Brief:
Reprint all of the data below exactly as shown and skip every image.

Dataset content:
****

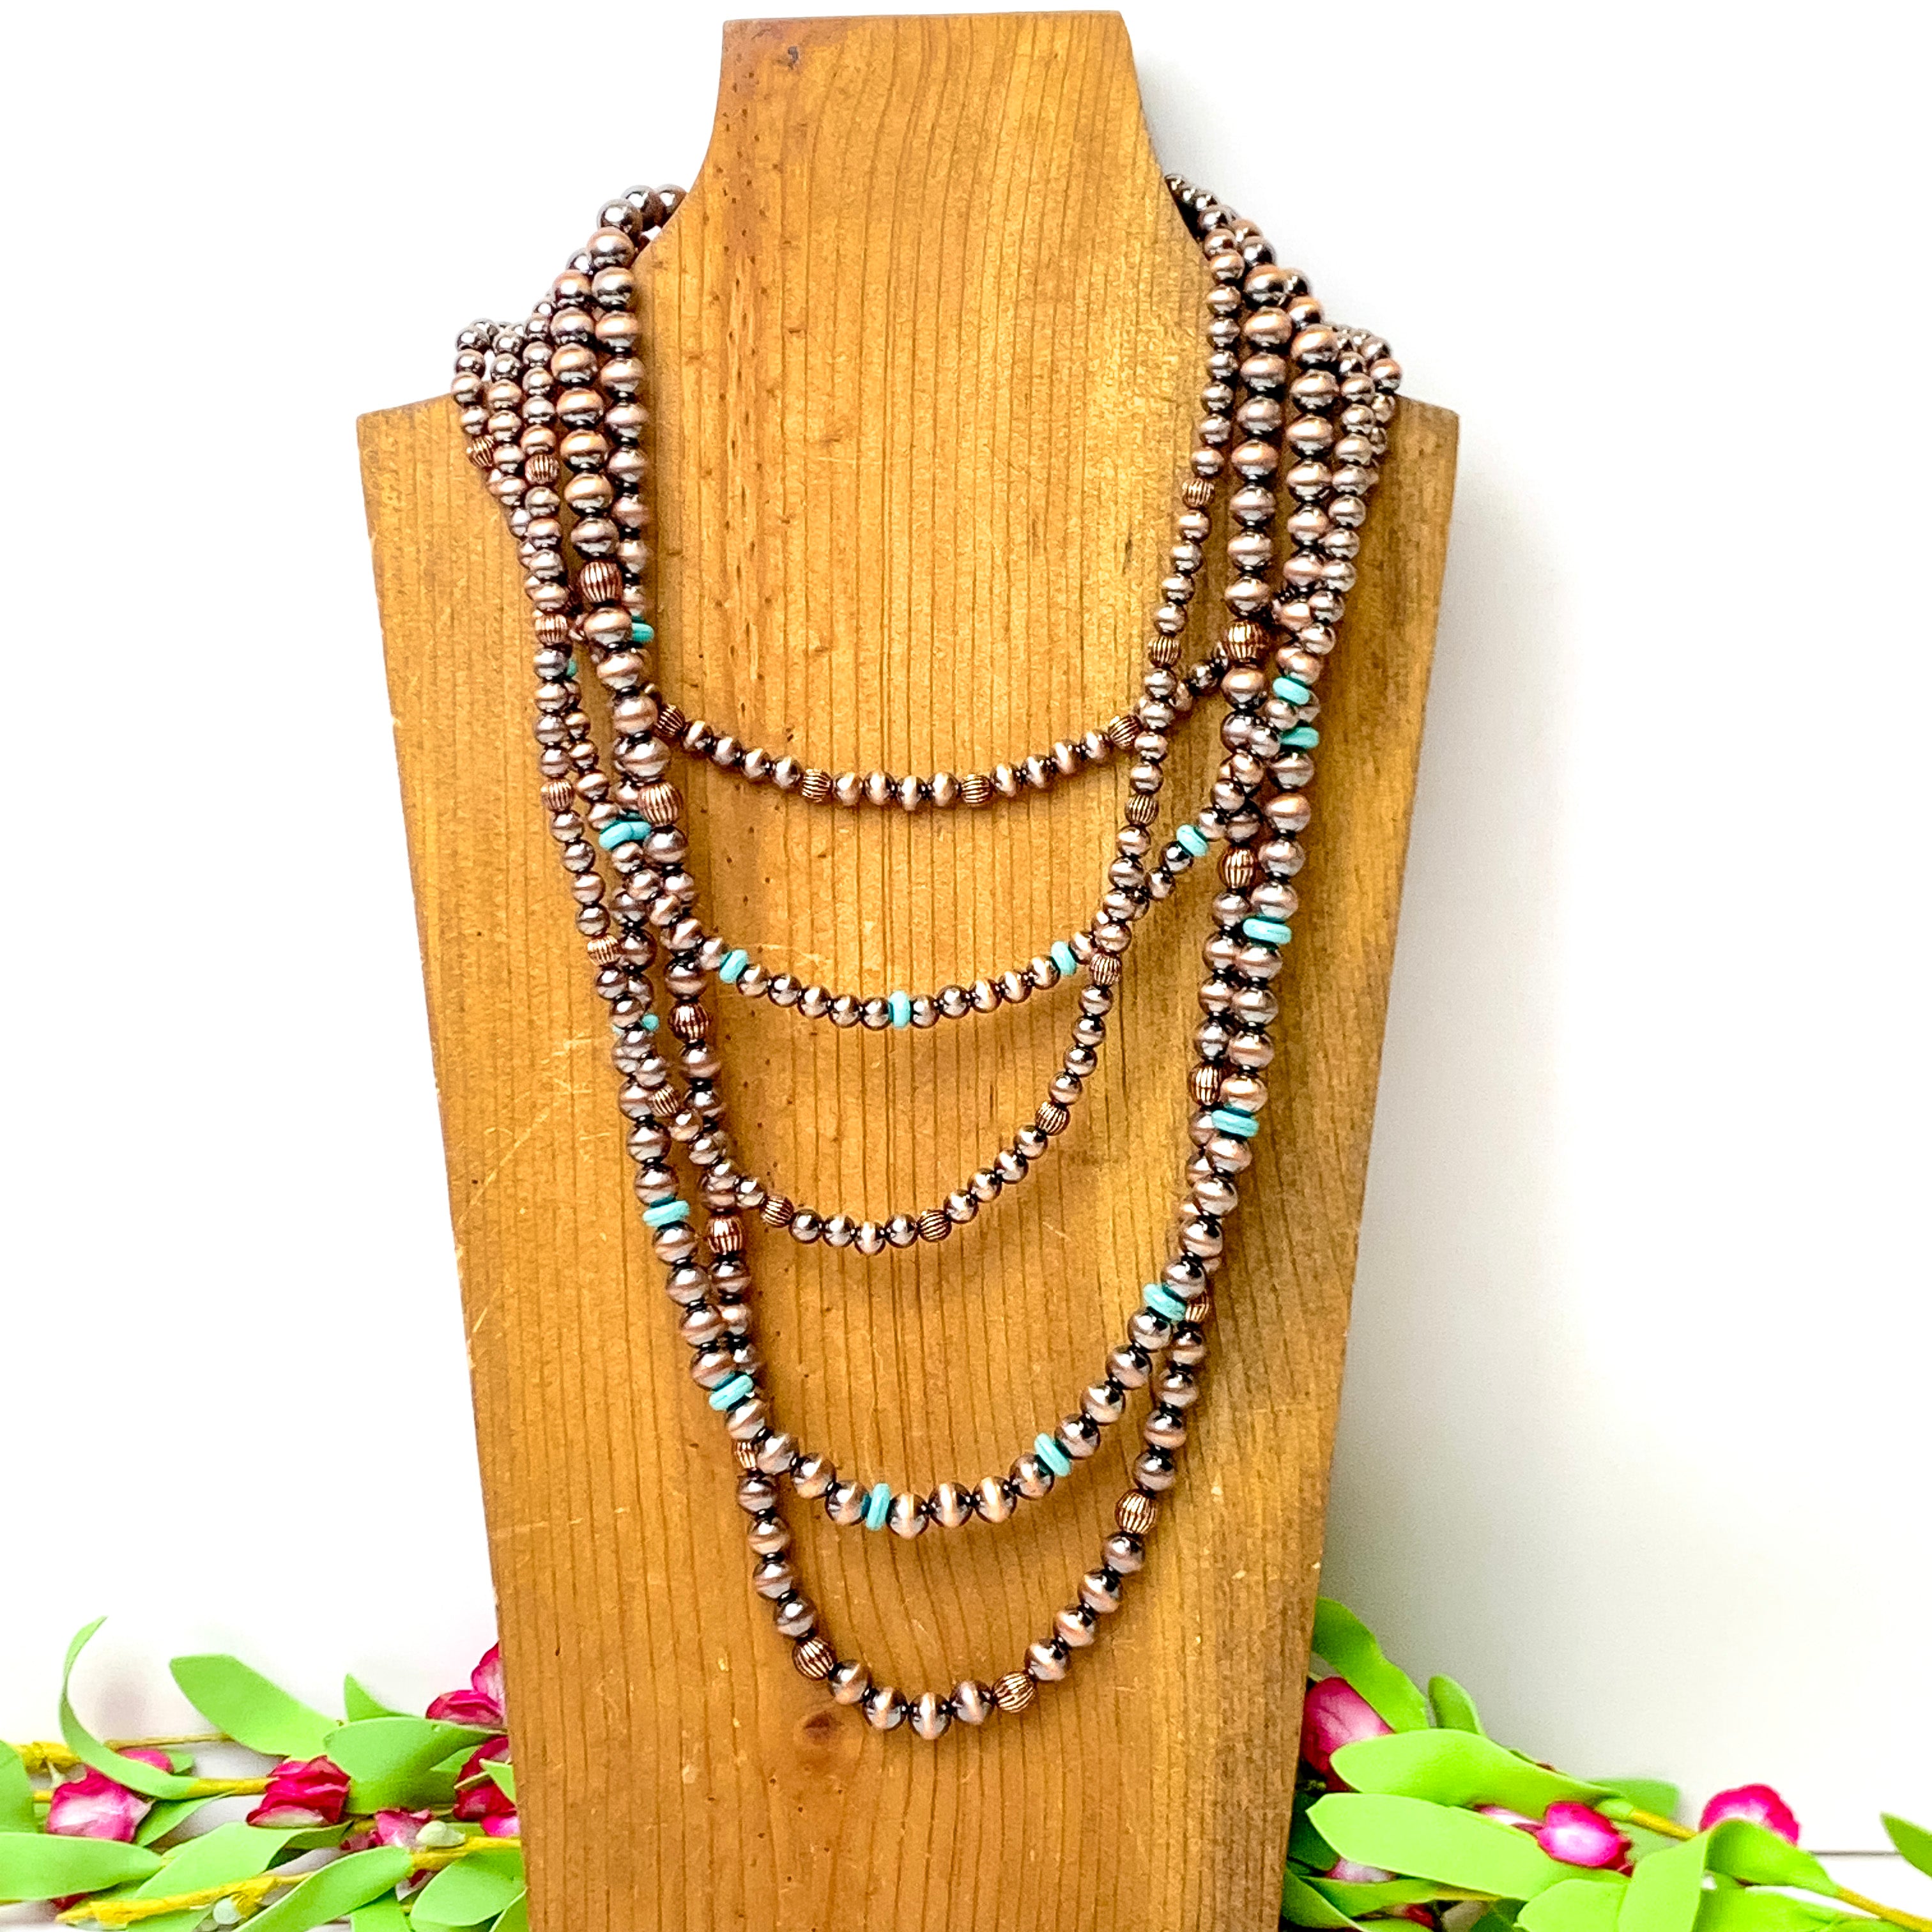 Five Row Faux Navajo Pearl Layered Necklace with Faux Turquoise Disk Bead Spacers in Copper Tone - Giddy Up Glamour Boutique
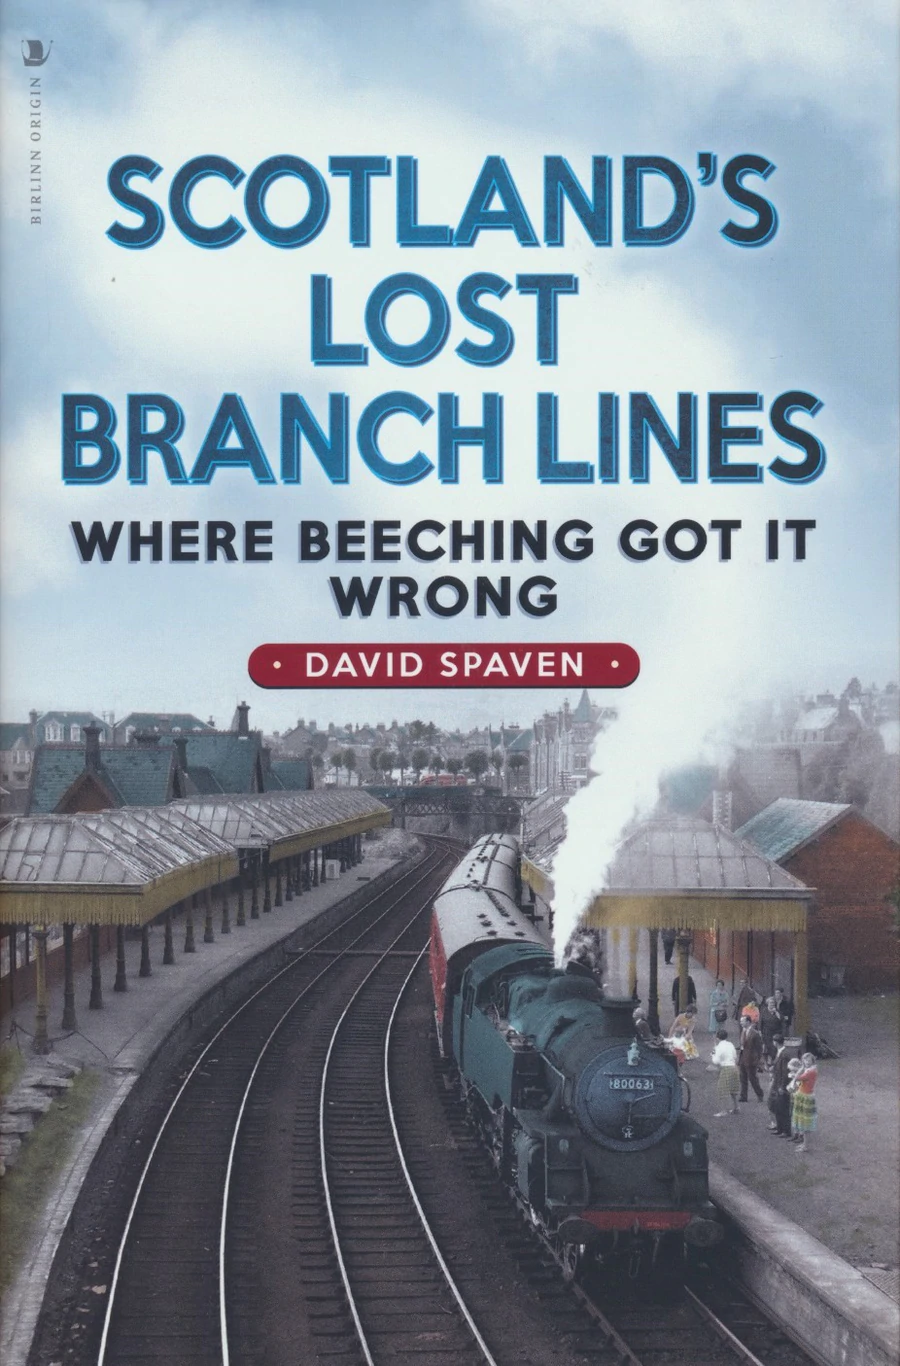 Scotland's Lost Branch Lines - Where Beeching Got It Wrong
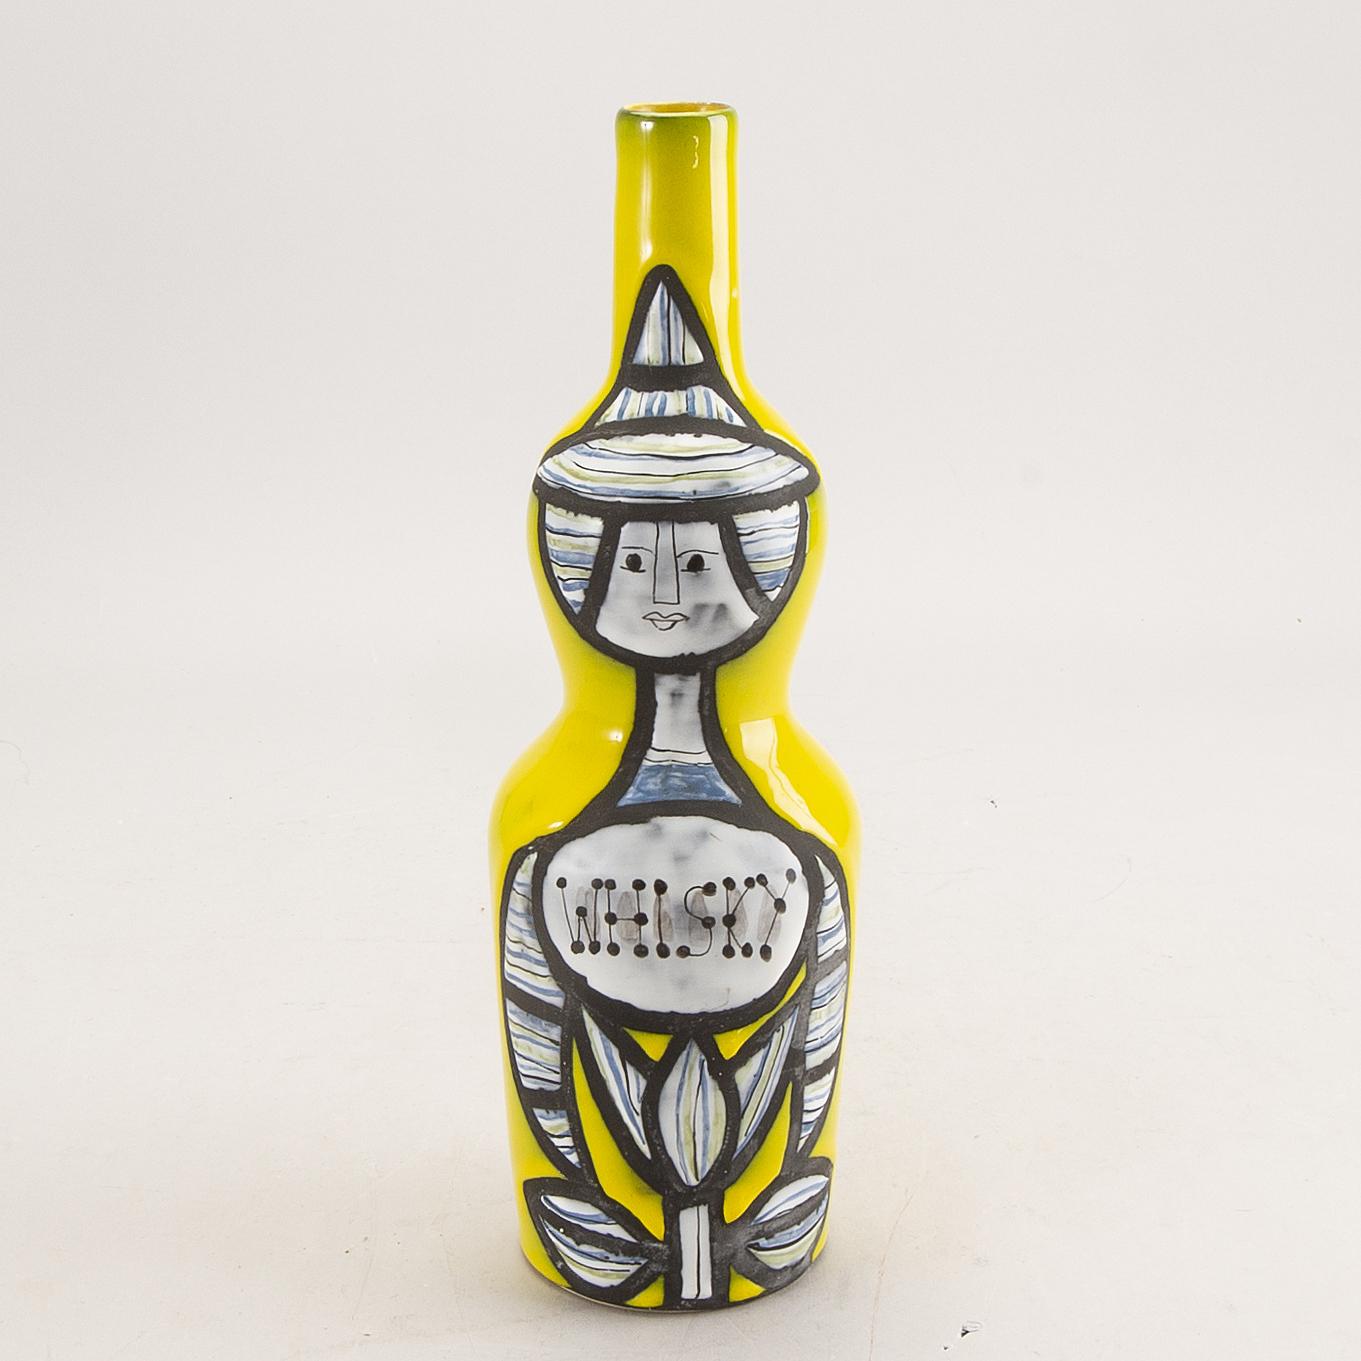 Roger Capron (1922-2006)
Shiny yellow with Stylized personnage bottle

****

Answer box:
 Five Row Faux Navajo Pearl Layered Necklace with Faux Turquoise Disk Bead Spacers in Copper Tone - Giddy Up Glamour Boutique
 Scotland's Lost Branch Lines - Where Beeching Got It Wrong
 Roger Capron (1922-2006)
Shiny yellow with Stylized personnage bottle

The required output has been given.